None of the men were cruel, but all were plenty menacing as they surrounded the 15-year-old girl, who stood alone and afraid in a city mostly unknown to her.
“Get out of my way…” Cassie seethed, her breath unsteady as she pretended to be as tough as she could muster.
“Ah! British!” exclaimed the youngest of the men, the one who had first noticed Cassie, “I like British!”
He placed a hand forcefully on Cassie’s shoulder as she faced away from him, and pulled her around to face him. “C’mere.” Instinctually, Cassie reacted, flinging herself back, and crashed into the chest of the man who had first pursued her.
“We ain’t gonna hurt ya!” the crushing man cried, only for Cassie to react by delivering a swift kick to the man’s groin. He fell quickly, groaning in pain.
“What the fuck, lady!?”
The man behind her jostled Cassie’s shoulder, threatened and enraged. Taking no shit, Cassie turned socked the man in the jaw, causing him to stagger back.
“Stay away from me!!” she cried before punching him once again, unaware of the third man behind her as he drew a knife.

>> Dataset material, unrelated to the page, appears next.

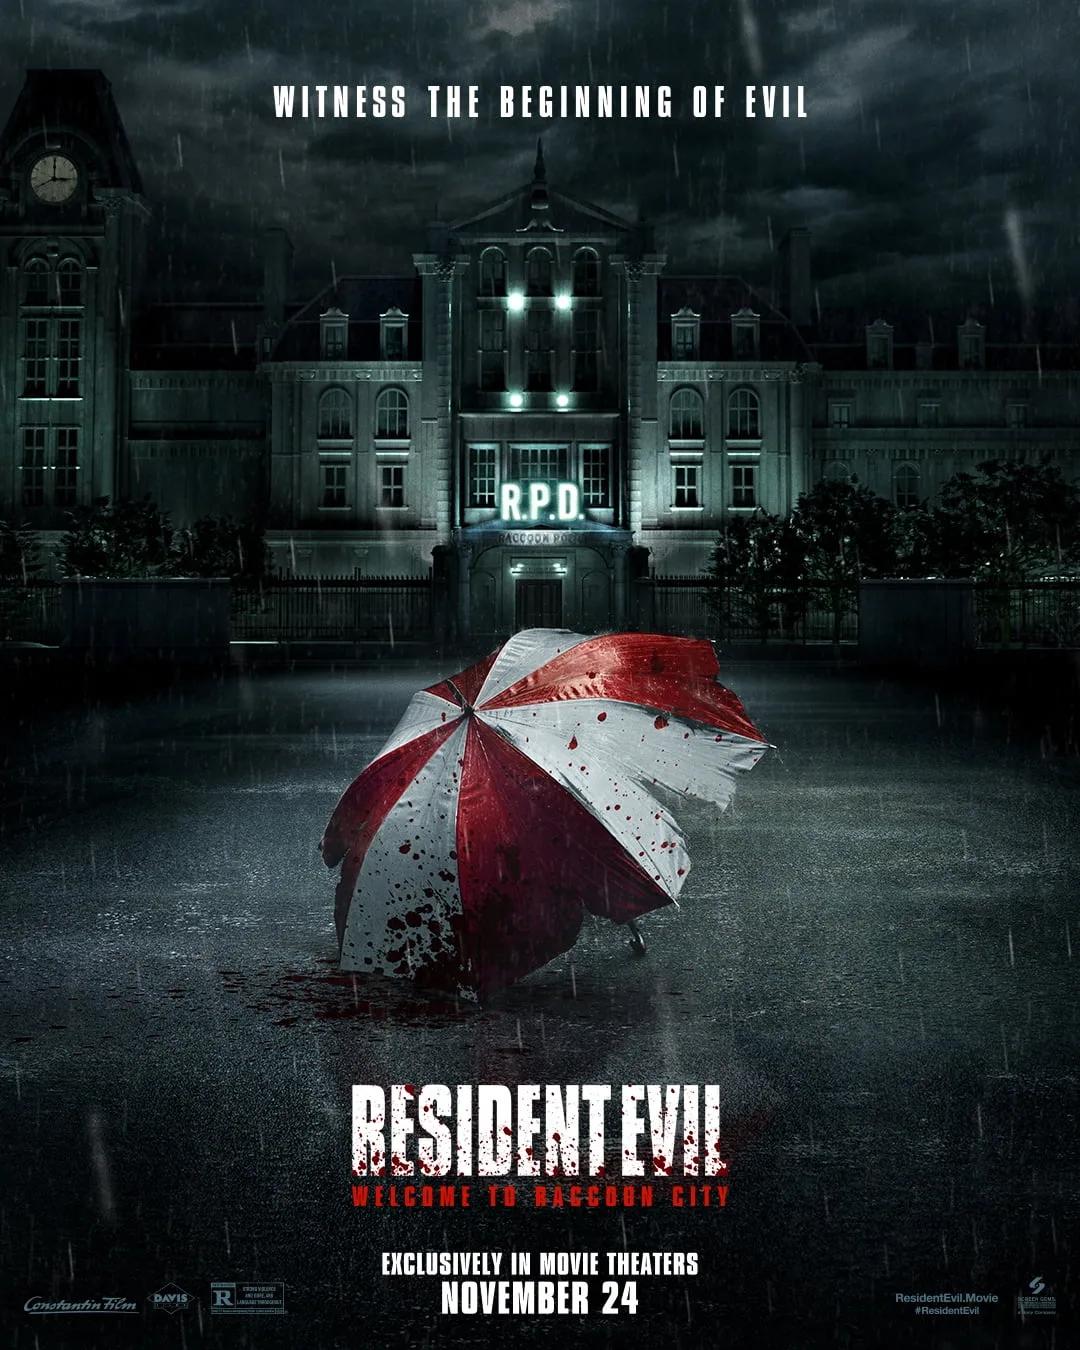 Welcome to Raccoon City, once the booming home of pharmaceutical giant Umbrella Corp. The company's exodus left the city a wasteland, a dying town with great evil brewing below the surface.

But as the man threw himself forward to slash out at the increasingly violent young girl, out of nowhere flew a glowing gold chain that seemed to magically wrap itself around the wrist of the man’s knife hand. And with one quick tug, the man went flying several feet. Though as Cassie turned to see just what had occurred behind her, she saw not the floor assailant, but a woman, tall and draped in black, her skin lightly tanned and her hair as dark as her plated armour. “You need to come with me.”
 
♦ ♦ T ♦ ♦
 
The next morning, Dick Grayson pushed hurriedly through the S.T.A.R. Labs security checkpoint, already a registered visitor at this point. He didn’t know the cause of Silas summoning him, but he had guessed from the police cars lined up on the street outside that the scientist likely had information regarding Finlay’s death.
And as Dick entered the central lab, he was implicitly proved correct as he found Silas seated, the figure of a tall, muscular man in a beige coat and a black-banded, white cowboy hat. Immediately, Dick recognised the lone policeman as NYC Sheriff Saunders. It was rare that the man ever came out to investigate first hand since his election, and he and Dick had never crossed paths, especially while the latter was Nightwing.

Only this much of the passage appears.